### DATA SUPPLIED:
^^^^^^^^

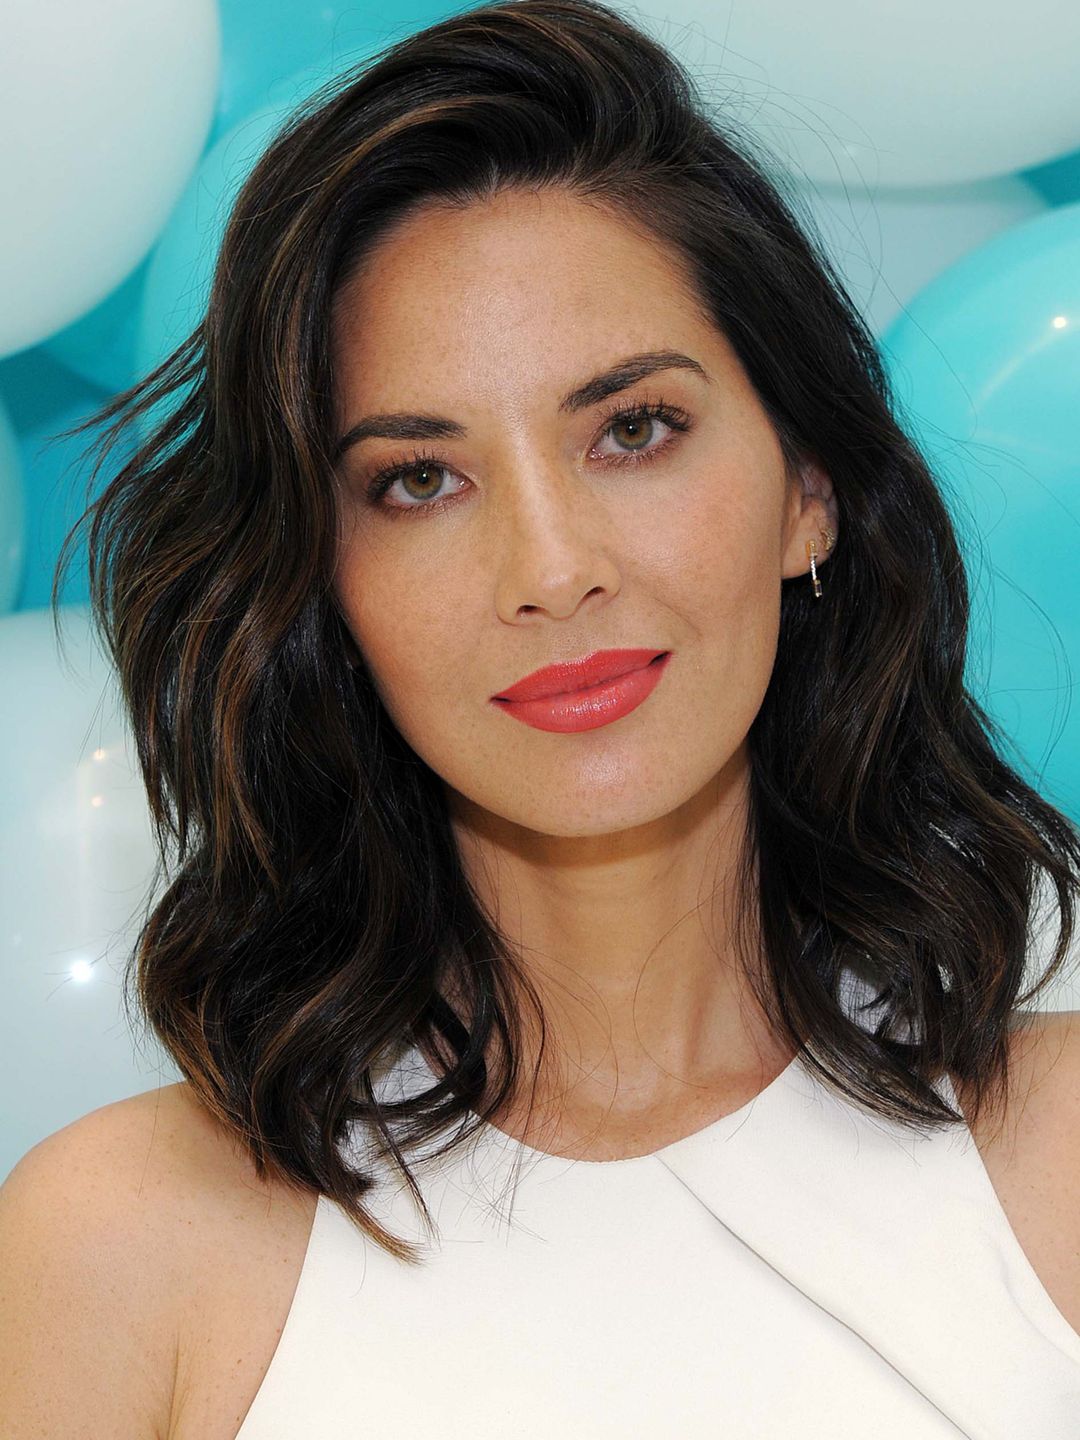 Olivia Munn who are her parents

^^^^^^^^

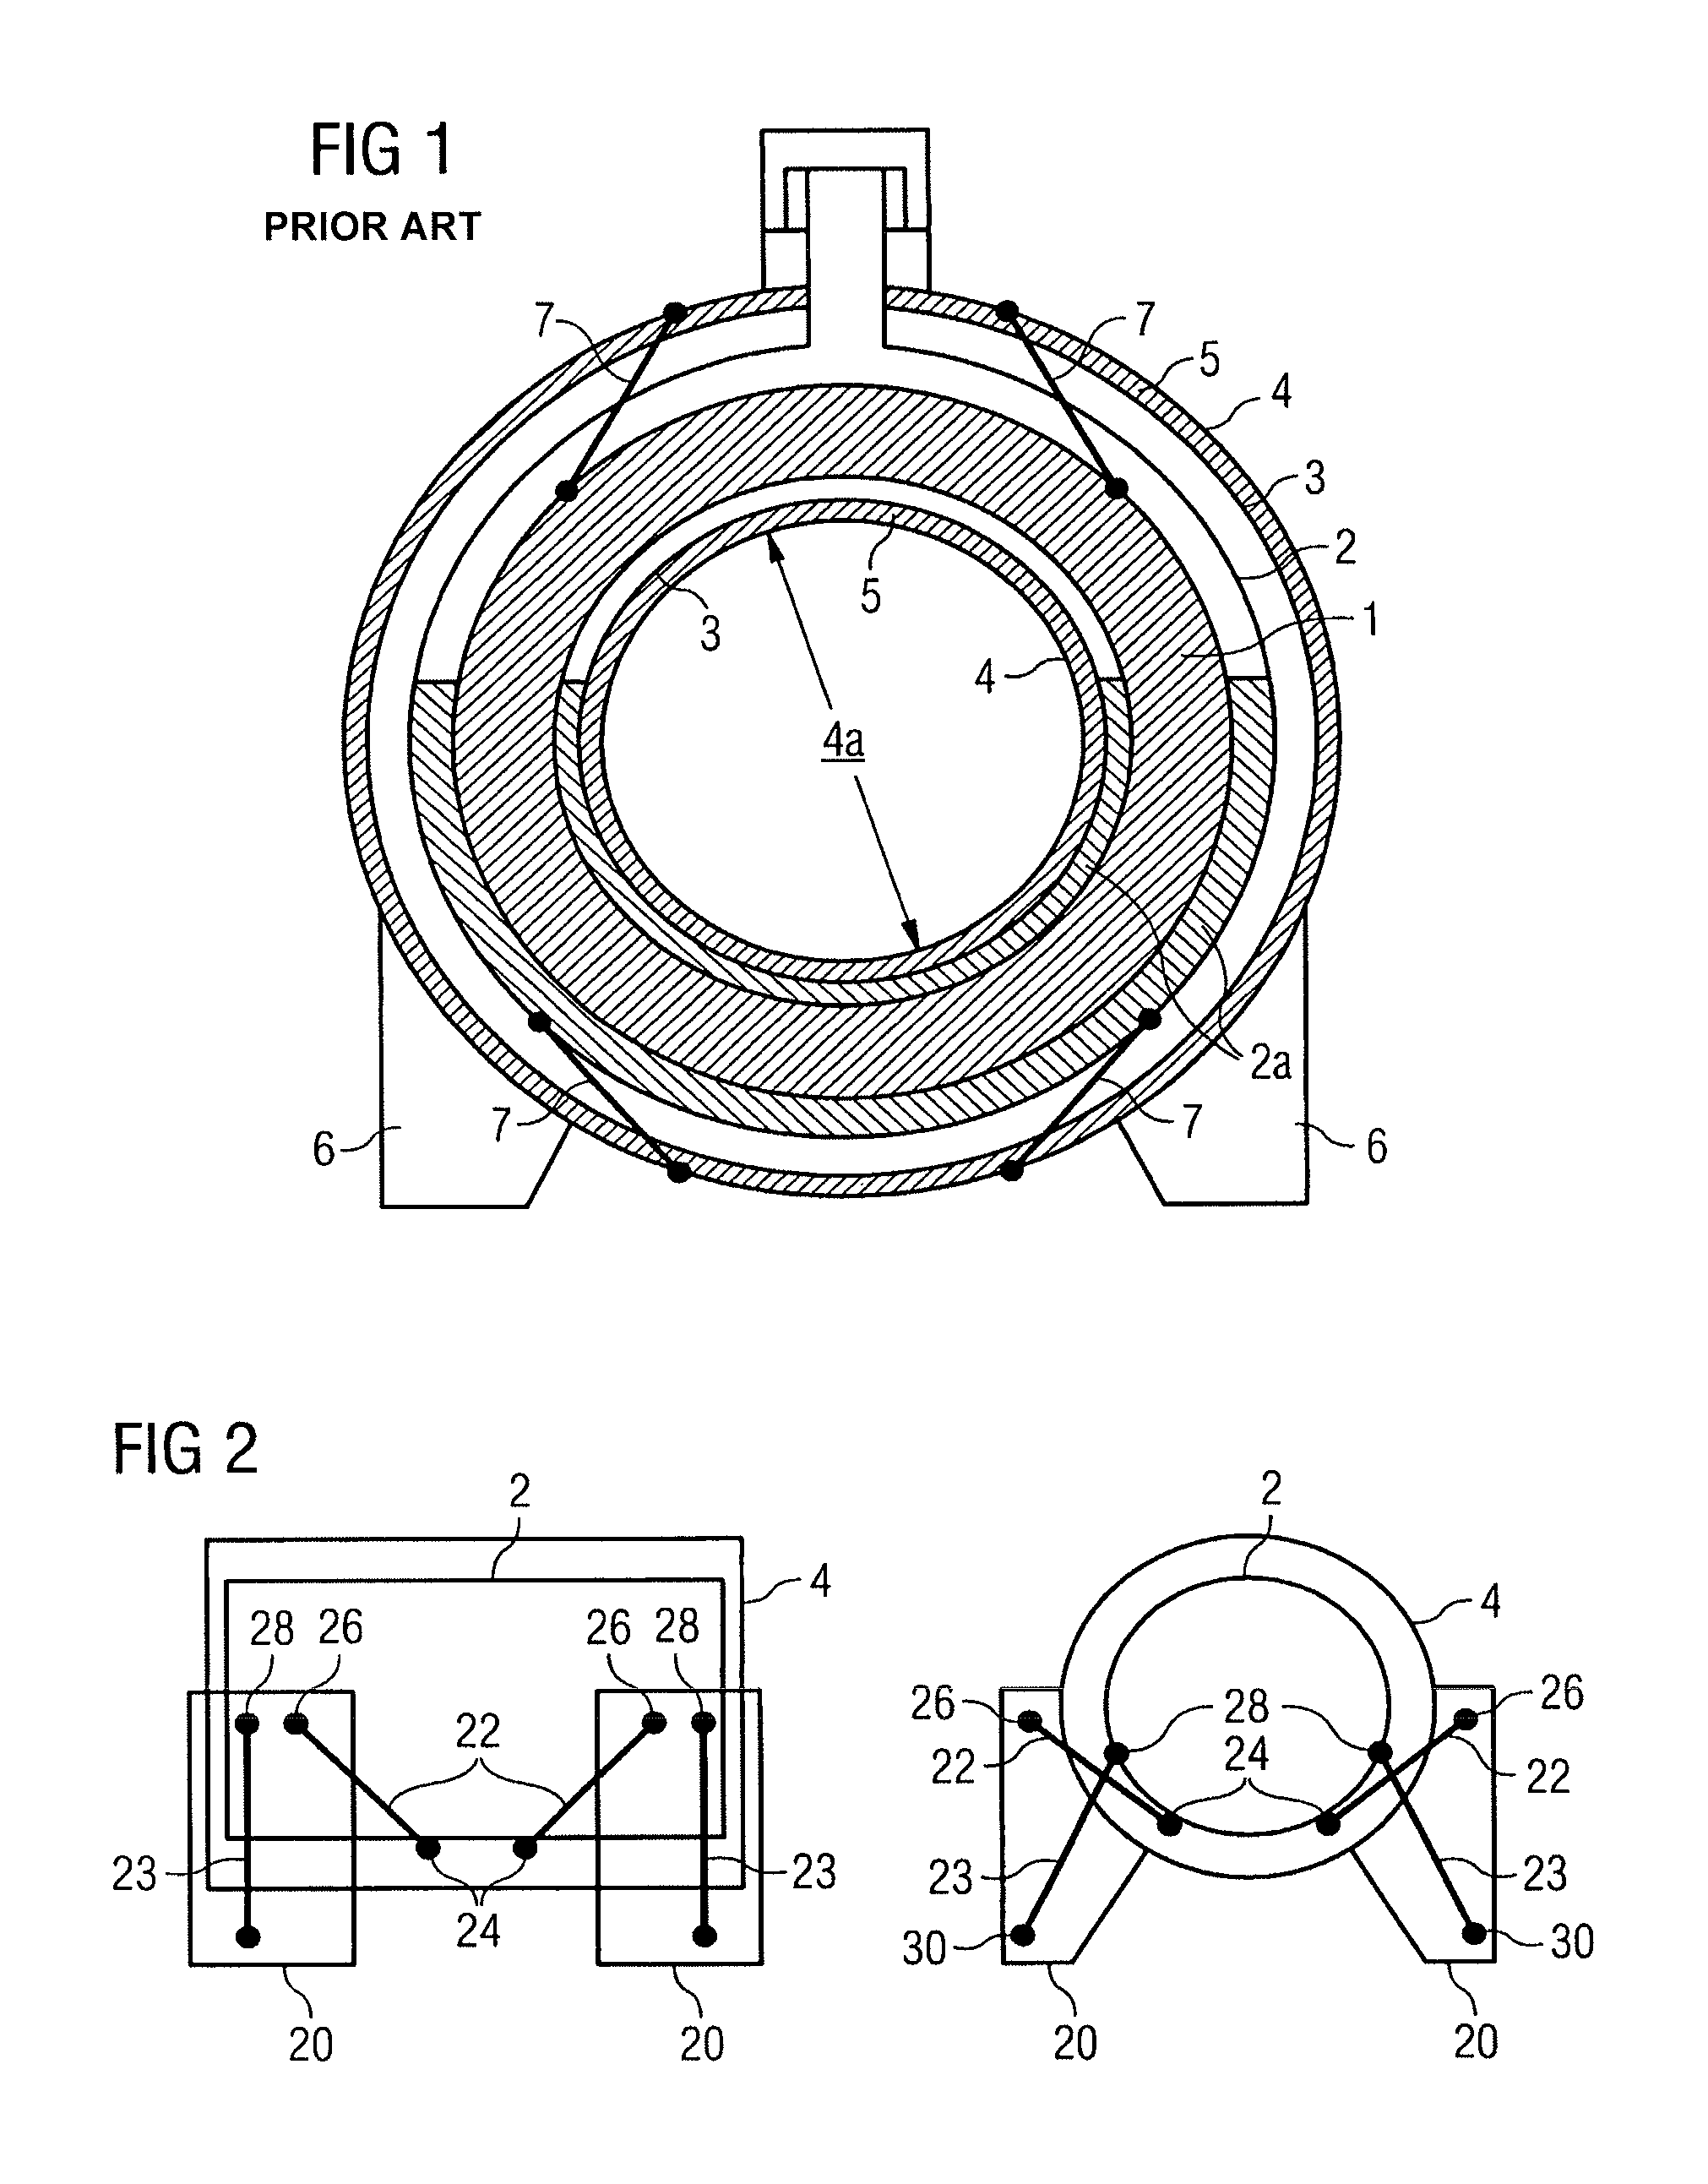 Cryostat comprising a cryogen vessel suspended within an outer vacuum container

^^^^^^^^

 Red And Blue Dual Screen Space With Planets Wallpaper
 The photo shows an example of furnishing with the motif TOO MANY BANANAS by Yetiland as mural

^^^^^^^^

### WORK TO BE COMPLETED:
Going back to the entries above, set down exactly the lines that begin at the one with "Red And Blue" and end at the one with "The photo shows", both included, and nothing else.

### RESPONSE TO THIS TASK:
 Red And Blue Dual Screen Space With Planets Wallpaper
 The photo shows an example of furnishing with the motif TOO MANY BANANAS by Yetiland as mural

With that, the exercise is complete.